Every society has to at one point or the other stop and reflect on the things that are dividing them. Usually such thing are foreign, which the majority would not even understand nor explain if asked. If society were to constantly do that they would see more things that would unite them than the lesser things threatening to divide them. They would realise the shame that is there for hating others amongst them without any proper reason.

The week past I have been challenged by several people on the authenticity of some historical accounts especially of Malawian people which is the country of my origin. Thus the book I am going to quote from for this weeks quotations appears to be coincidental to such accounts. The book explains some critical occurrences in the history of the nation Malawi and what was going on in the minds of people both in power and outside. I am sure from such insight you will learn one or two things, read and enjoy:

THE LIFE OF GEORGE NDOMONDO – Shepherd Boy, Clerk, Politician, Guerrilla General, Detainee and Priest by George Ndomondo and Colin Baker

“Those who had been divided were united overnight. My colleagues summoned an urgent meeting and each group – there were two factions in the cabinet – confessed its ‘sins’. They discovered that a detention bill had been in preparation for the last four or five months without their knowledge! They agreed to bury their differences; it had become a question of surviving or perishing together.”

George Ndomondo

In March we arrived at a village in Mozambique and asked for a place to sleep. Although the Village Headman suspected us, he gave us a place to sleep and gave us some men to guide us there. in the morning we asked them to show us the way to Zambia and they agreed to accompany us. On the way they handed us over to the police station at Fulankungu in Mozambique where we were tortured heavily. Later we were sent to Tete Detention Camp across the Zambezi in Mozambique and they dumped us in underground cells together with Mozambican detainees. We were under the control of ‘PIDE’ which is similar to our Special Branch (SB). After being interrogated, and knowing that I was a Member of Parliament, they tortured me badly to get information from me and I was so frightened that I committed my soul into God’s hands.

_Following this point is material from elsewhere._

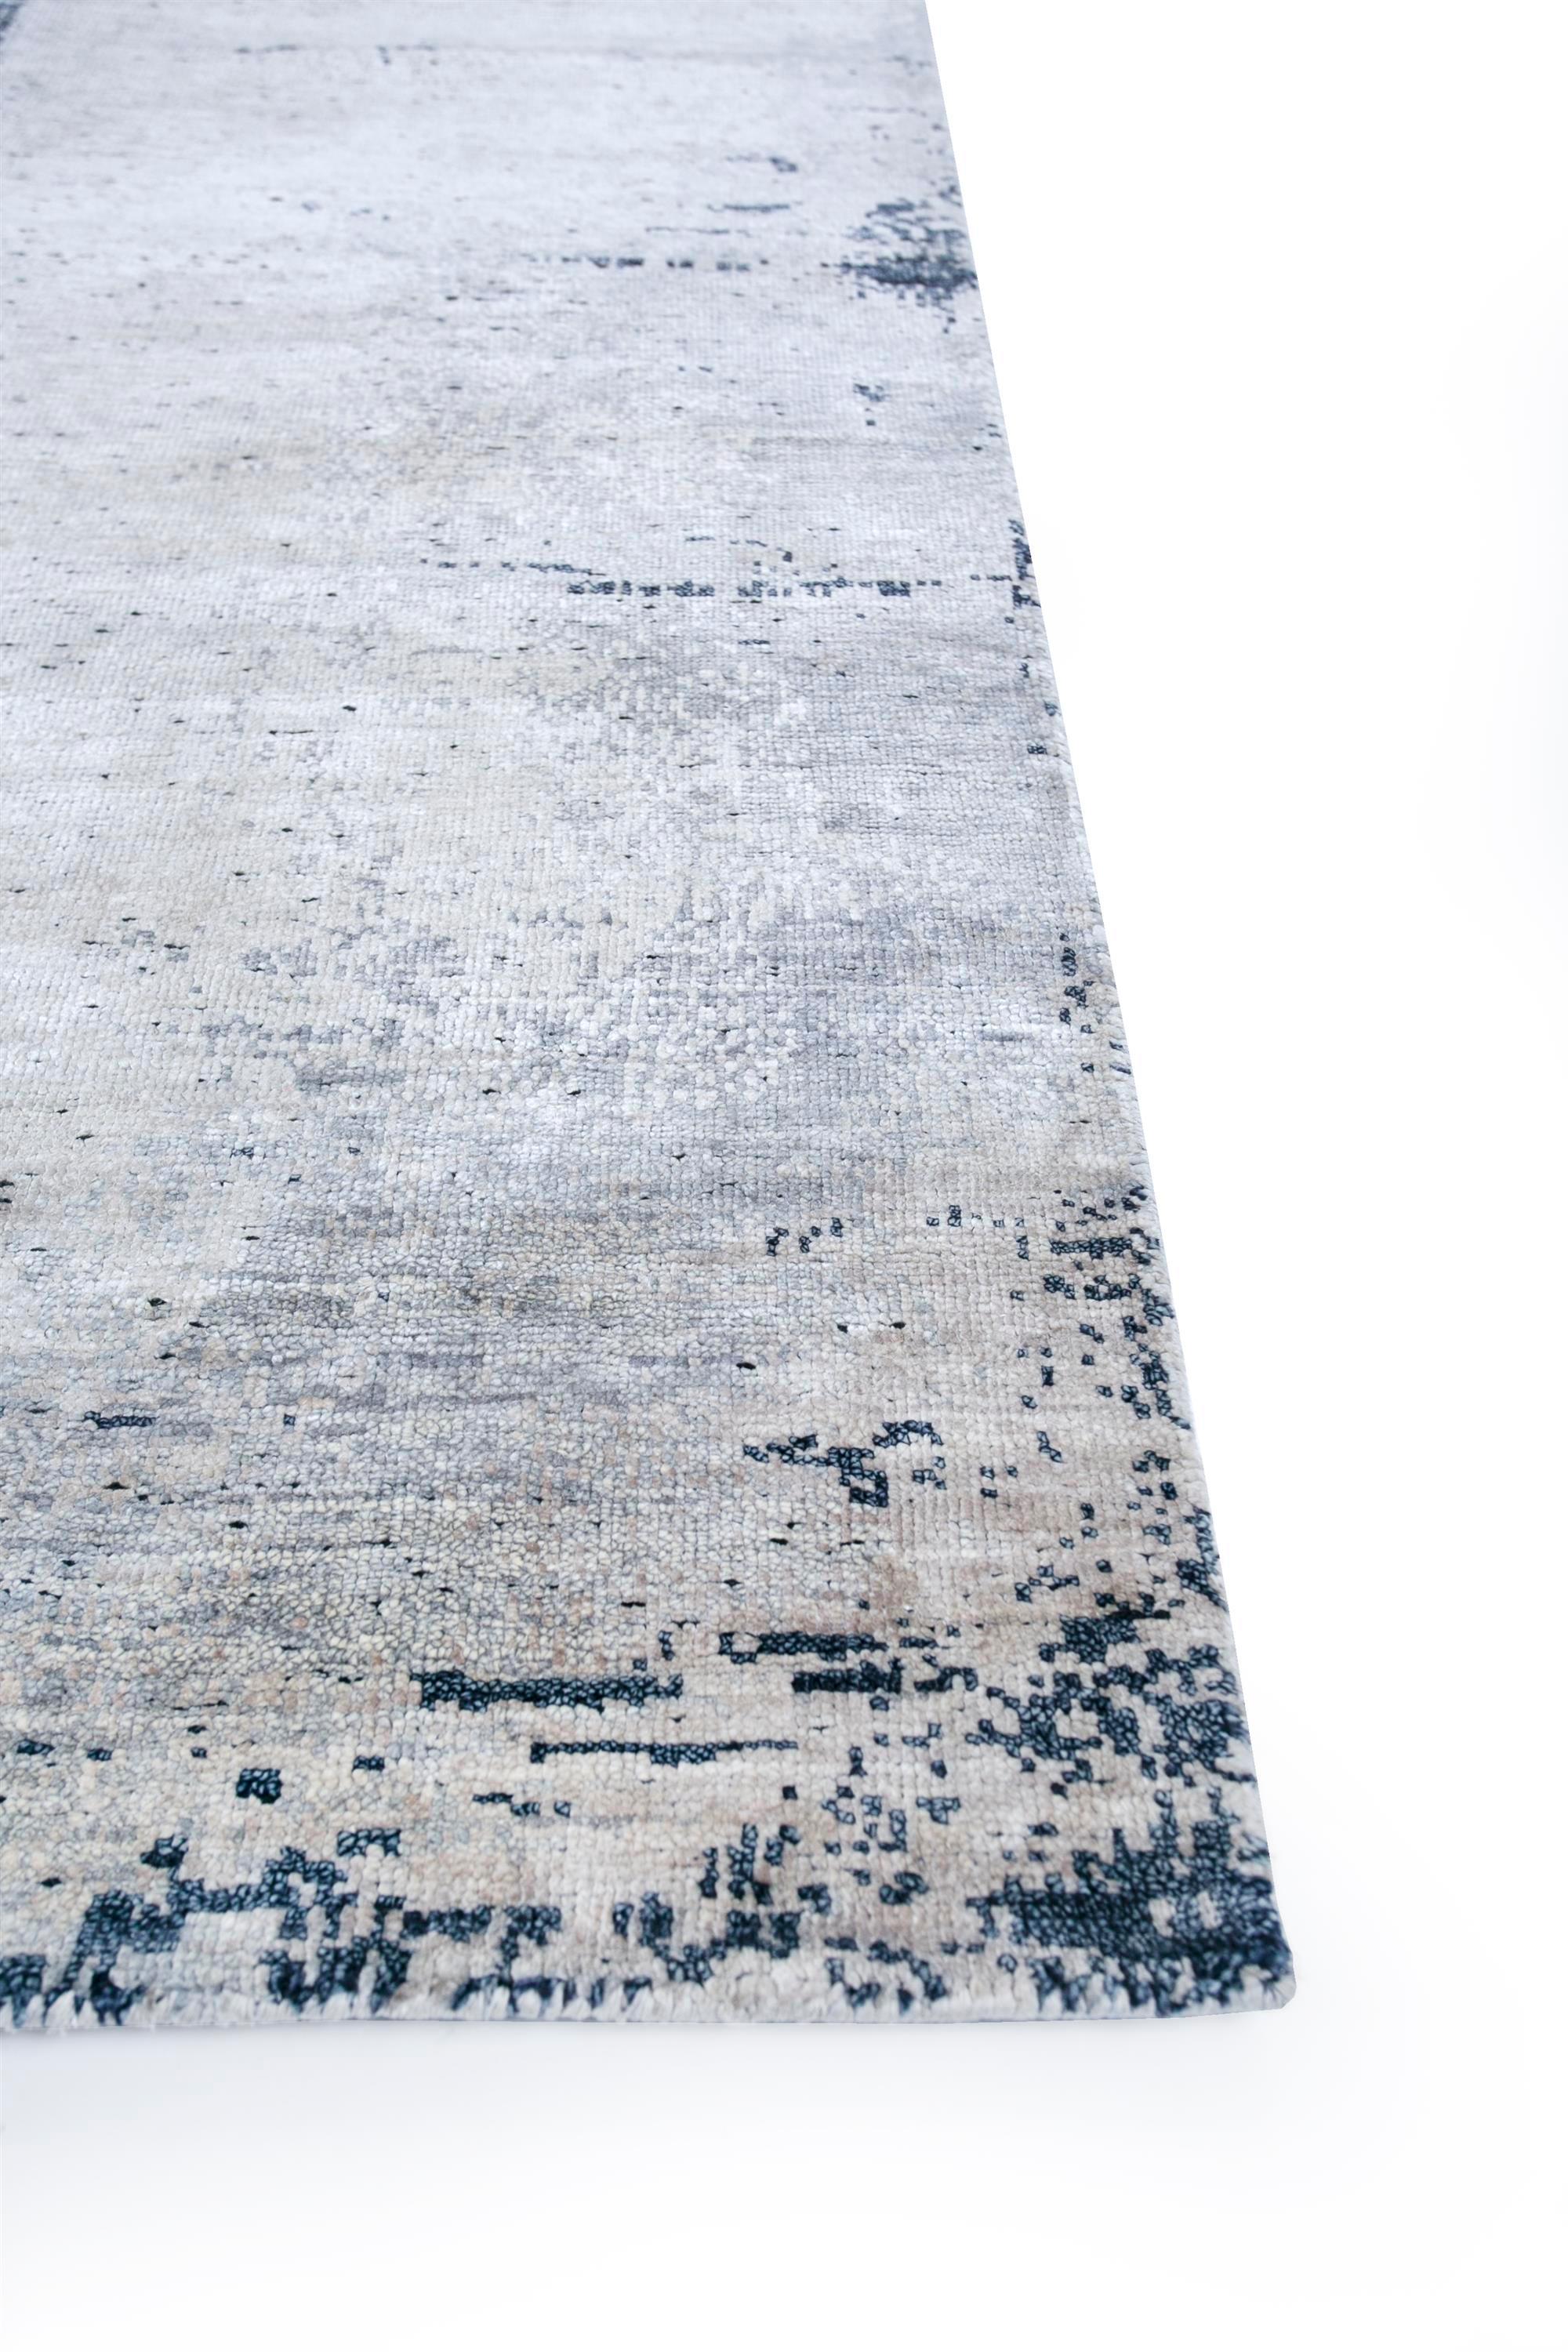 Have you discovered the transformative power of tone-on-tone palettes? Meet this modern hand-knotted rug , exquisitely crafted in rural India. With a serene white base and a linen white border, this rug instantly uplifts any space, adding warmth and
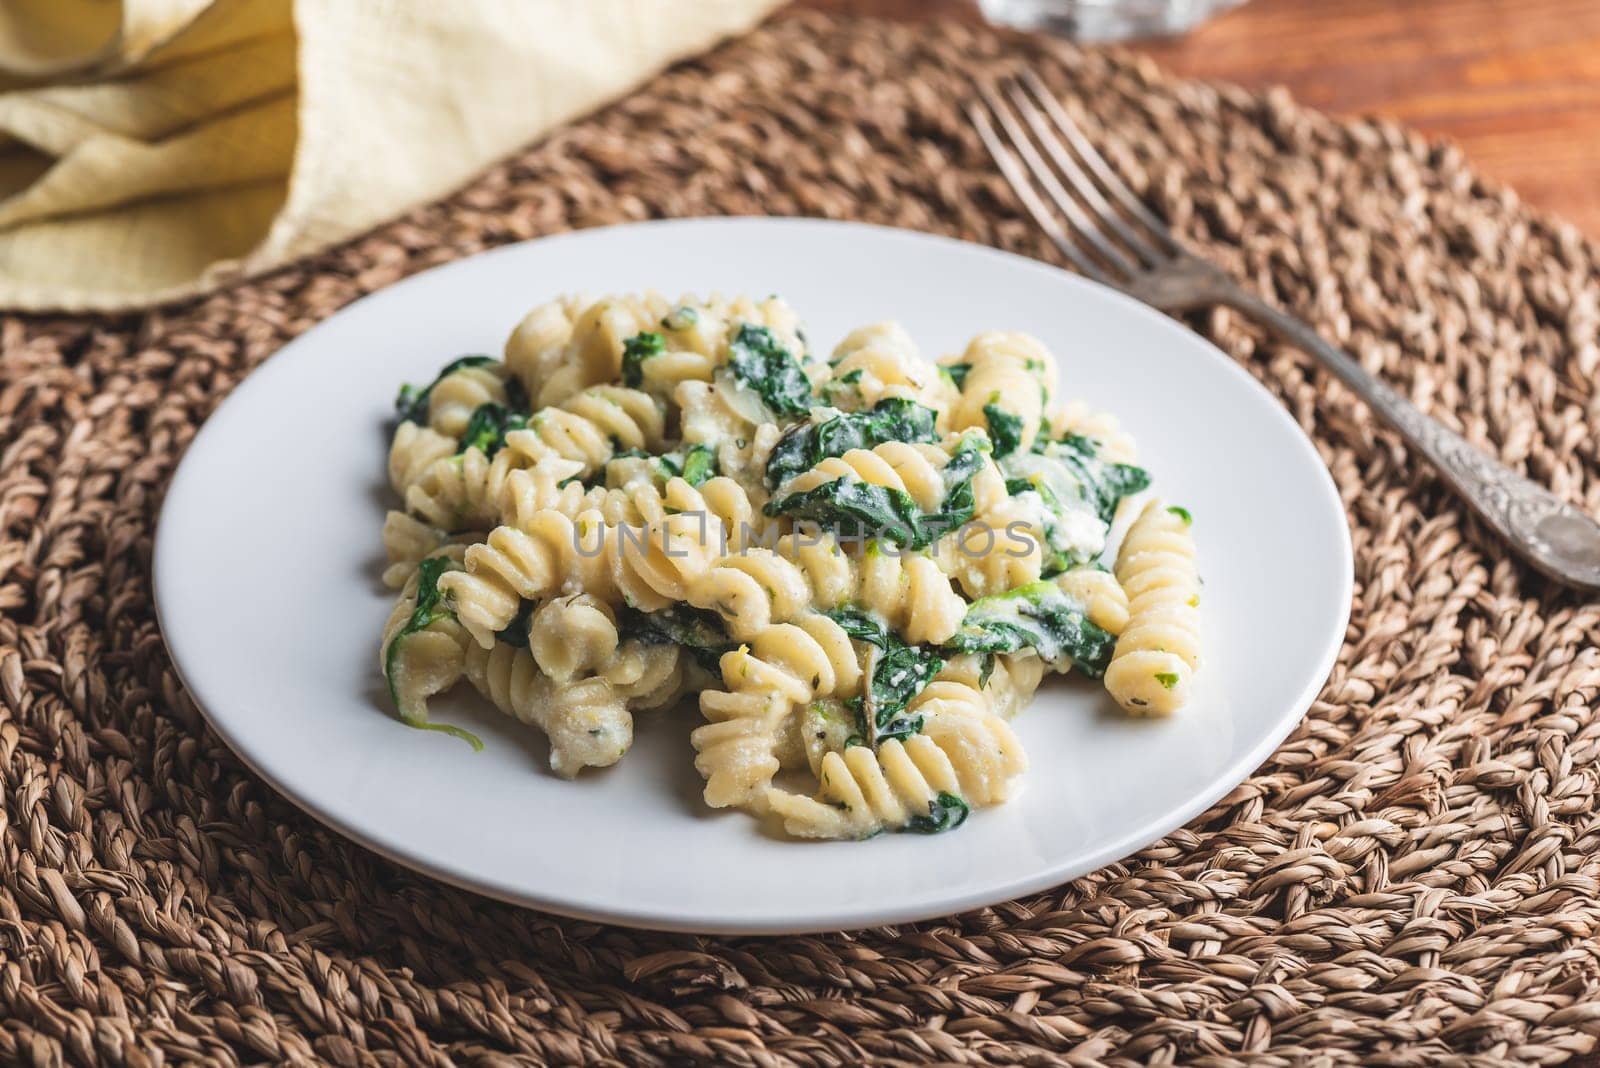 Spinach Pasta with Ricotta by Seva_blsv

I was very sick because of the torturing and they took me to hospital for admission and there I had a security guard at my bedside with a gun in his hands. I was chained hands and foot to the bed. After a period of medication I was taken back into the dungeon. We were packed like logs and people preferred to be hanged and killed.”

” …….. I lived in fear. I was constantly being watched and my sermons were monitored. It is lies, jealousies, selfishness and falsehoods which are the chains people are wearing to put others in trouble. But only truth will make us free. To live in fear makes people unable to enjoy God’s freedom.”